CWIKLIK: I think I remember one -- I mean, you've seen enoughhearings on the Hill to know that it's just common coin here for members of Congress to inject a lot of foam into their remarks. The "most fastidious, most competent, most diligent, most hardworking gentleman from Louisiana."
LAMB: Let me read from page 154. And this is, on June the 15th, Congressman Hoagland, quoting, "'I appreciate our illustrious chairman of the full Banking Committee yielding,' that's Henry Gonzalez, 'yielding time to me and appreciate his gracious handling of those complex issues in committee and now on the floor,'" unquote. "Hoagland enthused, and he was warming up." You go on to quote him, "It is a great pleasure to serve with the gentleman from Texas. He has done the nation and our Congress proud with his handling of this bill."
CWIKLIK: Right, yeah...
LAMB: You refer to that often. Was that irritating?
CWIKLIK: I didn't find it irritating. I found it amusing. And I thought people also would find it amusing. I guess the answer is ...
LAMB: Why is it amusing?
CWIKLIK: ... I don't know. Why amusing? Well, ironic, I guess, would be another way to put it. A couple of weeks later, after Mr. Hoagland sort of basted his committee chairman in that fashion, he basically turned on him on the floor and voted against his position on the bill in a very public way. So it just seems to be a lot of frosting.
LAMB: Is it hard for a freshman member to vote against his chairman?
CWIKLIK: Well, it didn't seem hard for this one. He came to the decision after he got four amendments on the S&L bailout bill, one of which he was only able to get on by literally begging his committee chairman to let it go through -- the same chairman, Gonzalez. He then decided, for other reasons, not to vote for final passage of the bill, though the chairman had asked him to. The chairman was basically lobbying for that position. But on the walk over to the Hill the night of the vote, the last thing he said was, "You know, I wonder if this is going to offend Chairman Gonzalez?" And he didn't seem to really take it -- give it that much thought. I don't know if he really sort of didn't think that through, or if he really just didn't think that he would be offended. But he was -- as I understand it -- furious at it and...
LAMB: Congressman Gonzalez was.
CWIKLIK: Yeah.
LAMB: There is a -- and you correct me if I'm wrong -- there is a gentleman from
Nebraska by the name of Janne?
CWIKLIK: Right. Mike Janne.
LAMB: Mike Janne from Omaha, Nebraska?
CWIKLIK: Right.
LAMB: Who is he?
CWIKLIK: Well, I guess you'd call him a financier. He owns a thing called America First Corporation, which puts together packages of investments for people to join in on. And he acts as the sort of general partner that manages the investments. And he put together groups to buy a couple of savings and loans. And at one point, the bailout bill made it -- it was sort of a complicated provision, but basically it made one group of investors liable for the losses of another group of investors, though they had virtually no common links other than the fact that Janne sat at the same table with both of them. And the one amendment that Congressman Hoagland was able to get in, with the help of his committee chairman, was benefiting Mike Janne back in Omaha.

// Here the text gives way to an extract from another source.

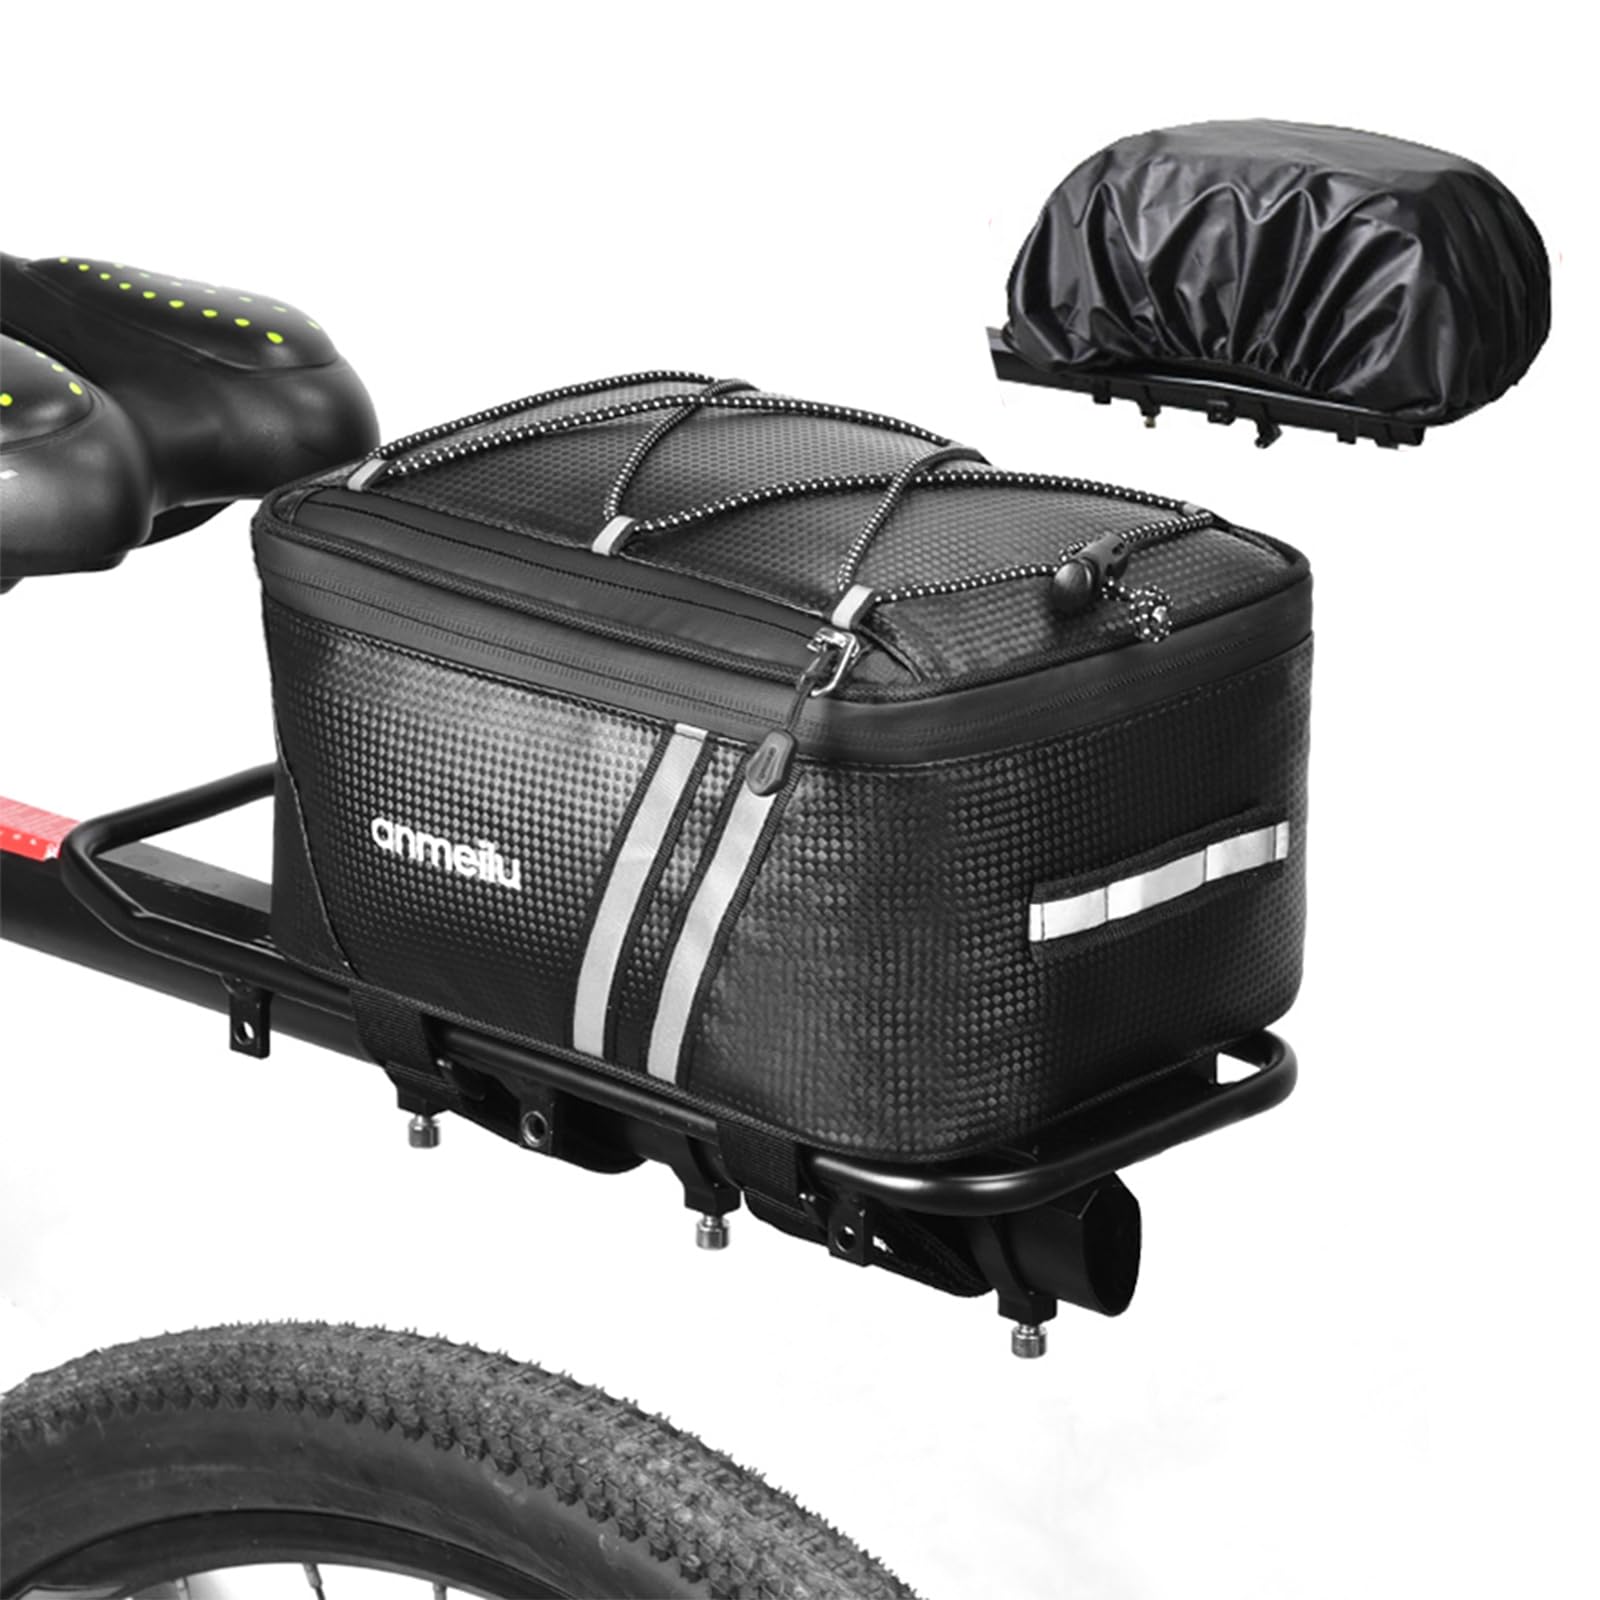 DragonX2 8l Fahrradtasche Fahrradtaschen Wasserdicht Fahrradtasche Leder Tasche Fahrrad Mit Reflektorstreifen, RegenhüLle, Sicherheitsgurten, Wasserdichtem ReißVerschluss, FüR Fahrradtransportartikel von DragonX2

LAMB: If we can, let's try to go through that in detail. Was Mike Janne a Democrat?
CWIKLIK: No, he was a Republican. And, in fact, Congressman Hoagland went to him for support before the election and got nowhere. But then once he got into office, as so often happens, Mike Janne decided -- or through his PAC -- I guess he controlled a PAC back there -- to donate $5,000 to the newly elected congressman. So things changed. And you send your money with the winner.
LAMB: Go back to what you saidthat Mike Janne was in a position where he was involved in two different S&Ls ...
CWIKLIK: He was the controlling partner in two different groups, or consortia, of investors. And that link alone was enough, according to the original draft of the bailout bill, to make each consortia responsible should the other lose money.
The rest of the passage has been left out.